Dataset section Block Start
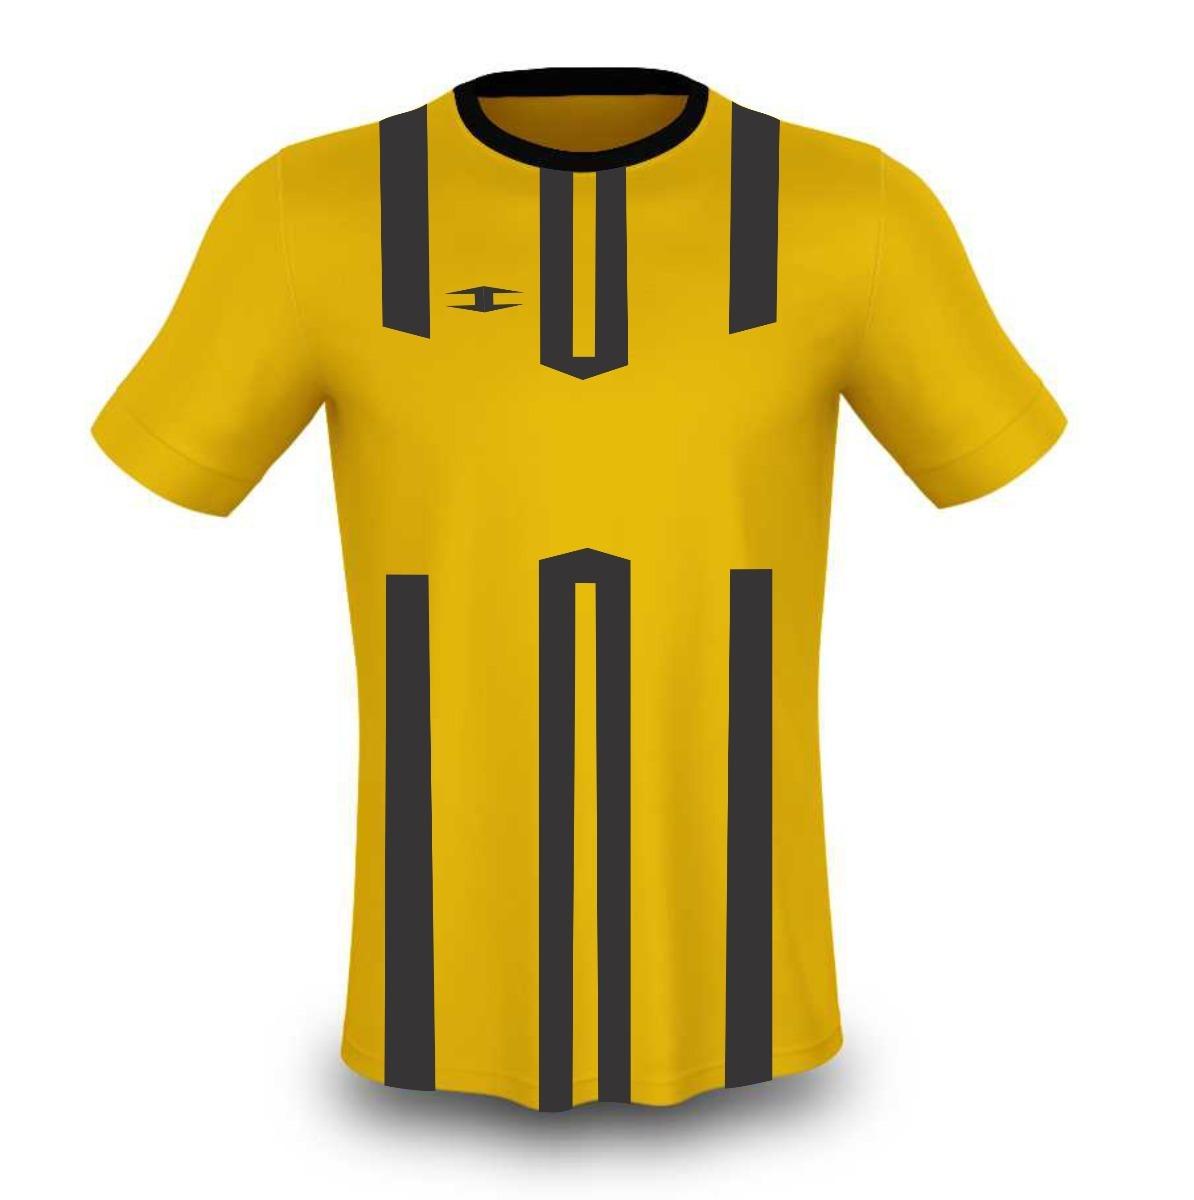 bcc987cc14cf2 pack camiseta futbol x 16 komba euro c numeros. Cargando zoom.
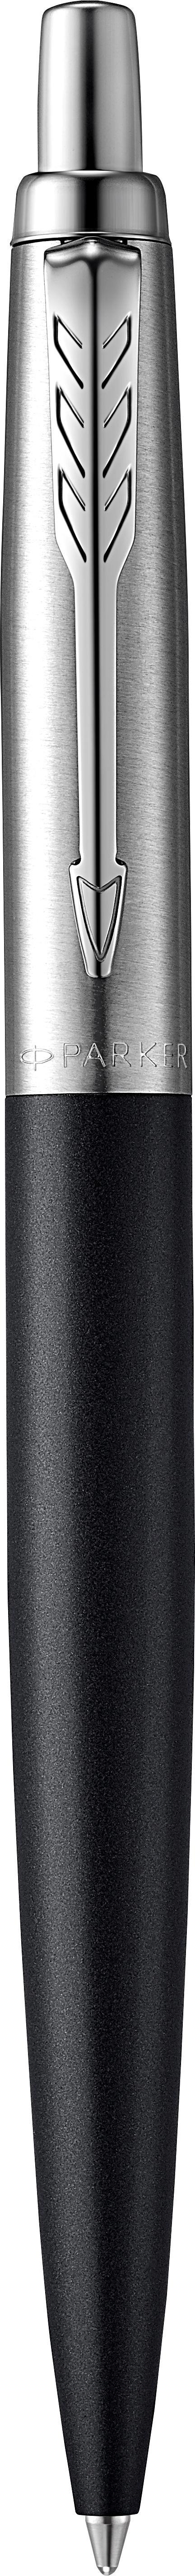 Ручка Parker Jotter XL M Black CT шарик
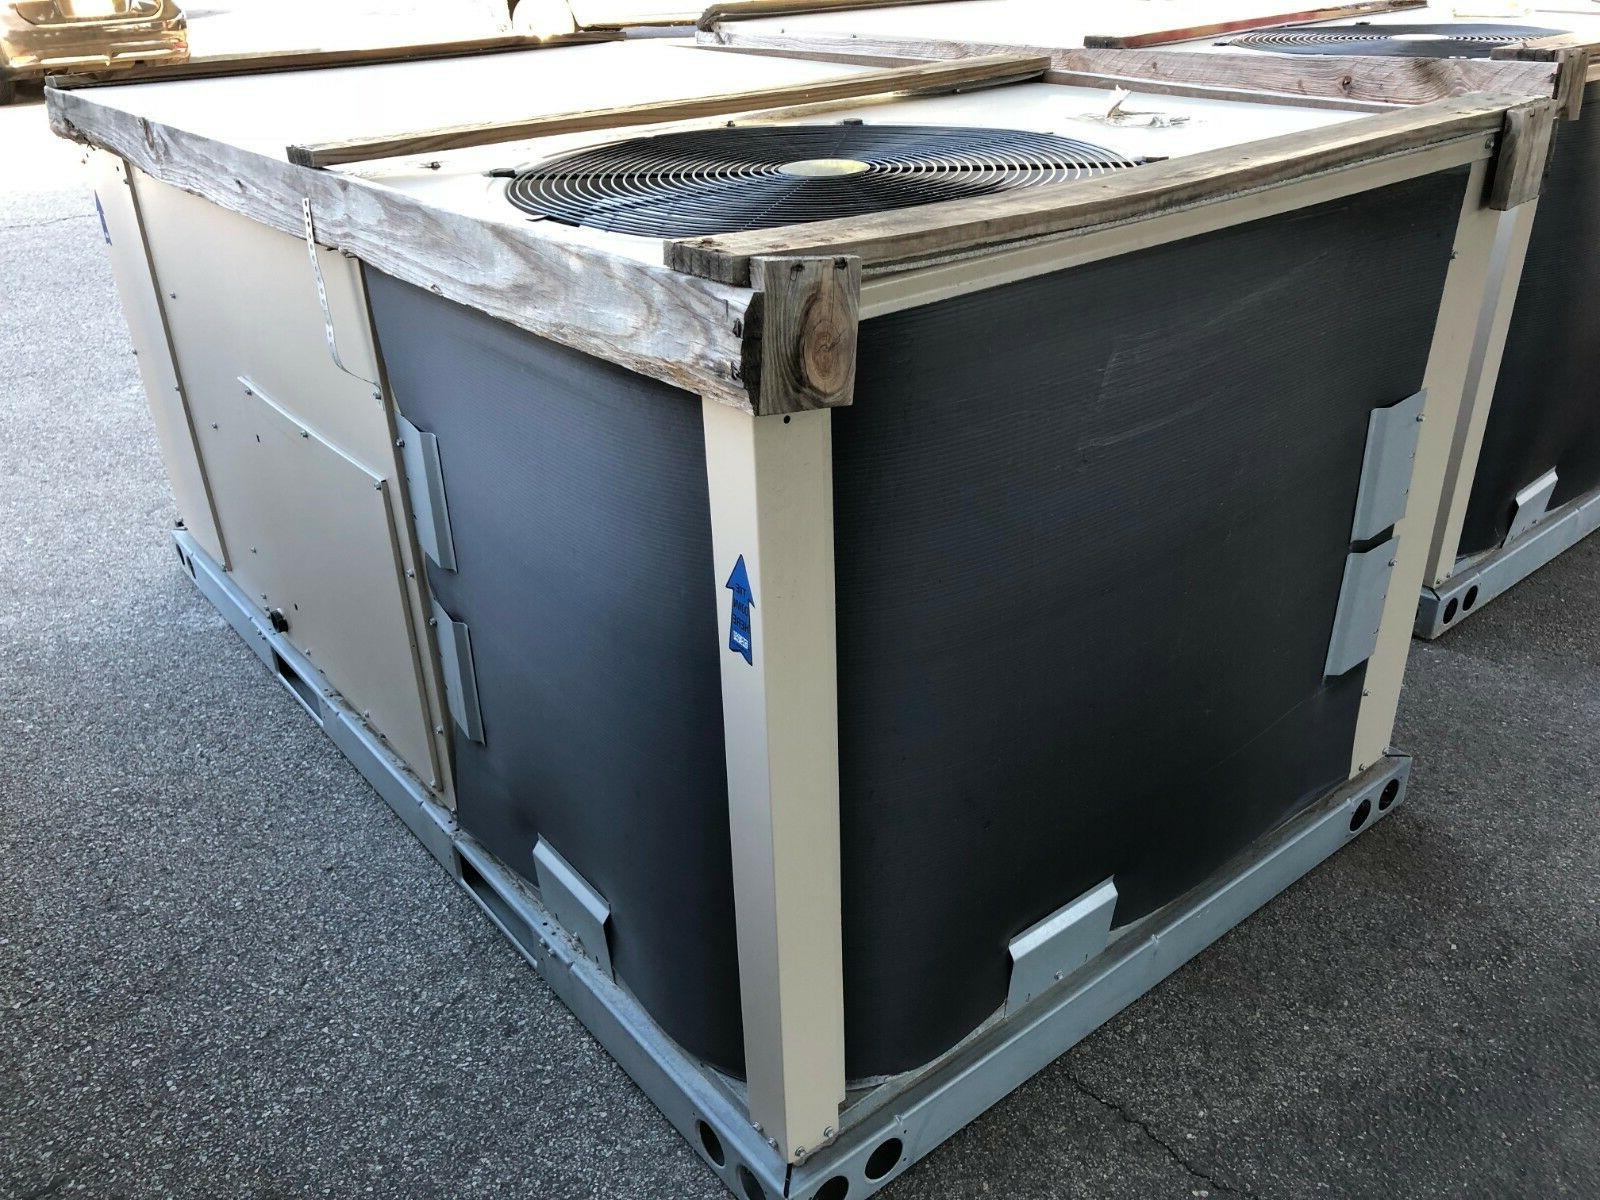 LENNOX 2 PACKAGE UNIT 208/230V ECONOMIZER HEAT KGA024S4DS2
Dataset section Block End
What is required
Skip the images and set down the rest of the data unchanged.

Solution to this task
 bcc987cc14cf2 pack camiseta futbol x 16 komba euro c numeros. Cargando zoom.
 Ручка Parker Jotter XL M Black CT шарик
 LENNOX 2 PACKAGE UNIT 208/230V ECONOMIZER HEAT KGA024S4DS2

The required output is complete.